The following reflection was written by Najiva Timothee, who is an educator with the Girls Dig Deeper Initiative in Macon, Georgia. Timothee was part of the Pulitzer Center's 1619 Project Afterschool Partnership program during the 2022-23 school year, which culminated in partners facilitating activities that engaged students in learning about the legacy of enslavement and the contributions of Black Americans in their programs.

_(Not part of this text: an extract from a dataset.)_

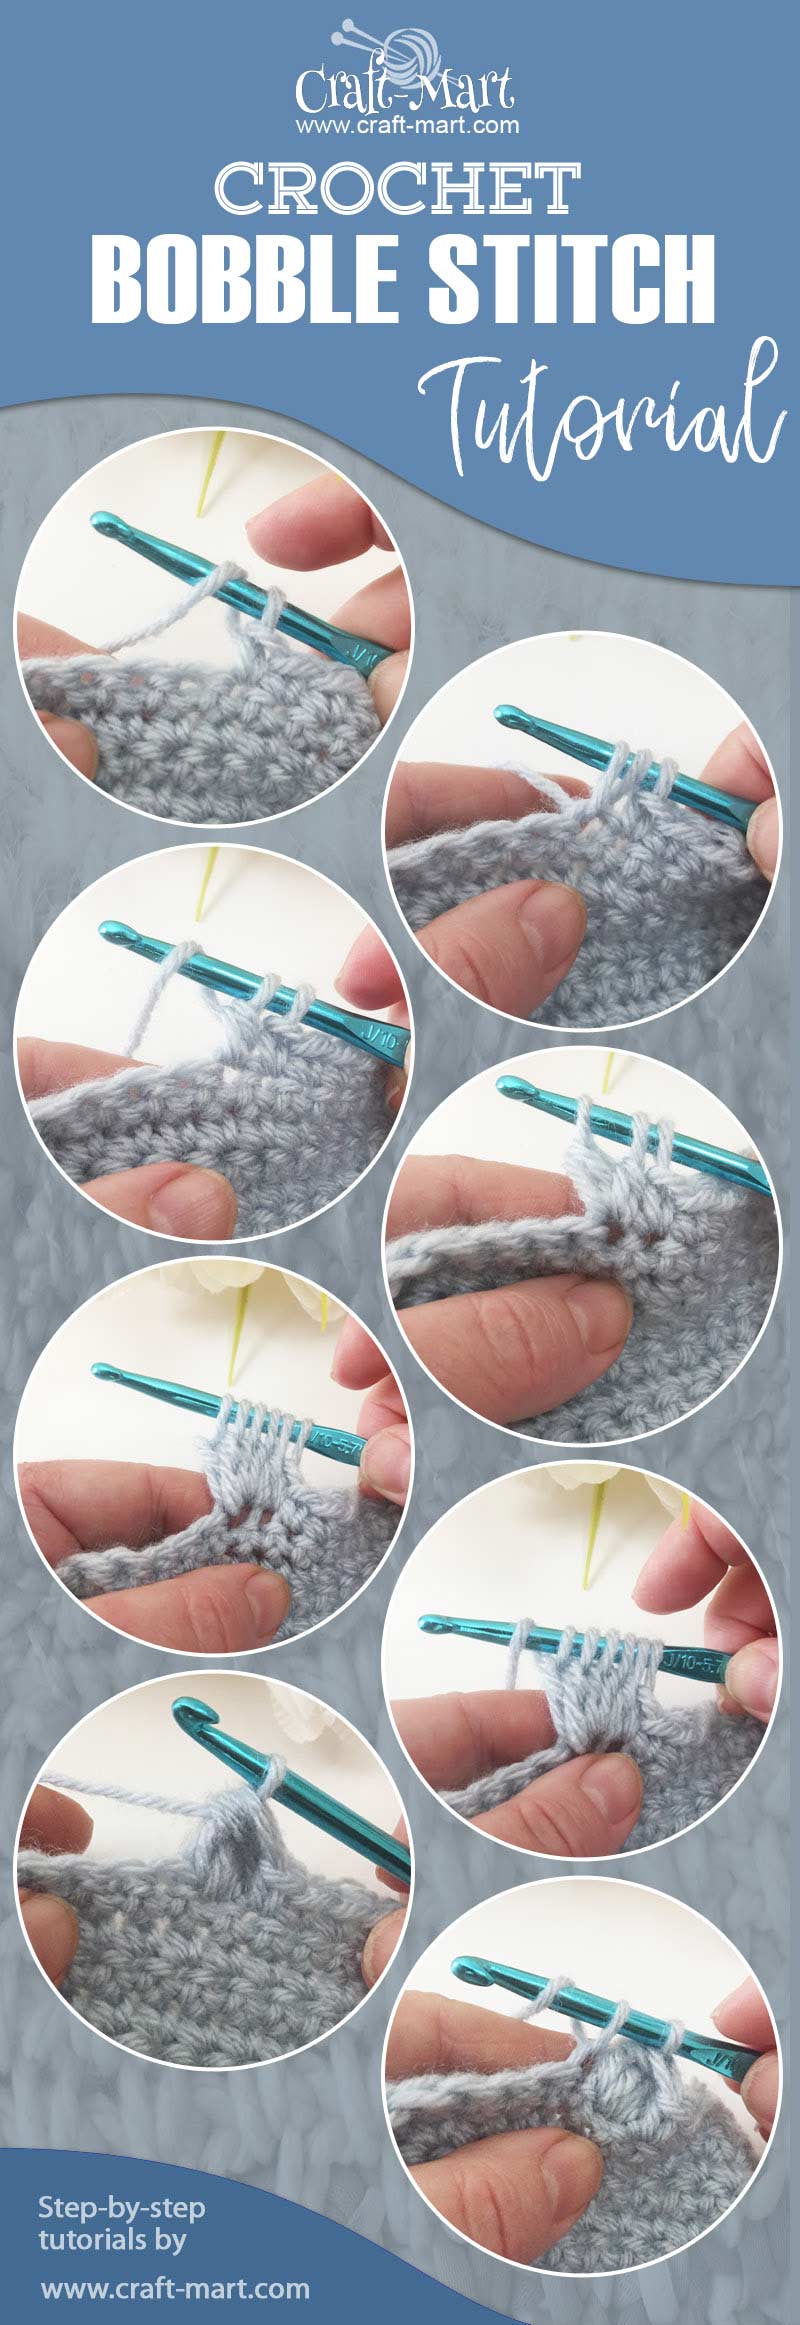 how to crochet Bobble Stitch - bobble stitch blanket step-by-step tutorial by craft-mart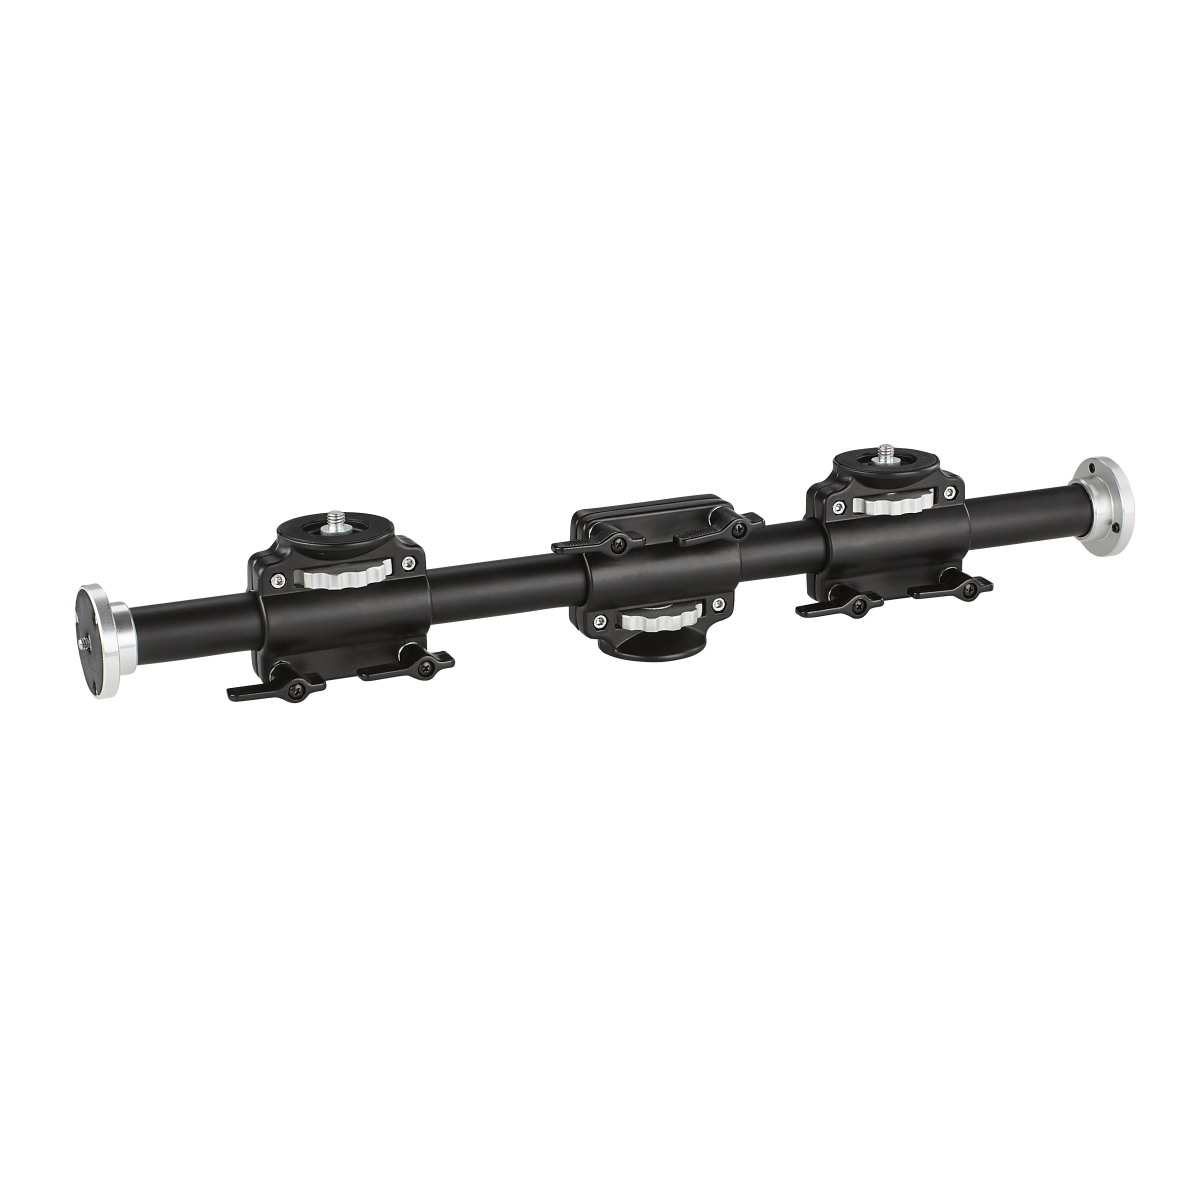 Walimex WT-628 Extension Arm with 2 sledges

Girls Dig Deeper Initiative is a girls mentoring and youth development program. We provide mentorship to middle and high school girls ages 13-17. Some of the girls are rising seniors next year and are deciding the direction of their lives—whether to go to college or pick up a trade. As they navigate adolescence into adulthood, they are being exposed to toxic content on social media, and may lack positive role models and environments that are conducive to their growth. They are exposed to national and global issues of racial injustice, from police brutality and the stories of George Floyd and Breonna Taylor to protests against racial inequality to book bans currently happening all across the U.S. The girls are aware of all that is happening and they have thoughts and questions. We understand all these events are affecting our girls in different ways—mentally, emotionally, and socially.
Girls Dig Deeper gives girls a safe space to discuss their thoughts and feelings and provides a growth environment for them to learn and develop as leaders, to take responsibility for their lives. I believe as a mentor and community leader that The 1619 Project was necessary for the girls to gain an understanding of why the times of slavery are still affecting the lives of Black and brown people today, and why they have to be true to who they are (identity) and lead their lives well through positive actions despite all that is against them.
Girls Dig Deeper has a leadership development program, The Winners’ Mindset. The program helps youth girls to RISE UP and WIN regardless of the challenges and circumstances they face. I wanted to incorporate the teachings of The 1619 Project into this program because the long legacy of slavery is still a challenge affecting the lives of Black people today.
The session I facilitated was called “ I AM….BLACK HISTORY.” It included a brief introduction to The 1619 Project, independent reflection questions, group discussion, and a creative activity. The independent reflection questions are:
- What does Black history mean to me?
- What does legacy mean?
- What is considered to be a legacy of slavery in our communities or in the U.S.?
We also used the 1619 activity that guides students in reading an excerpt of "The Idea of America" by Nikole Hannah-Jones, a passage from the Declaration of Independence, and discussing how this document applies to their lives today.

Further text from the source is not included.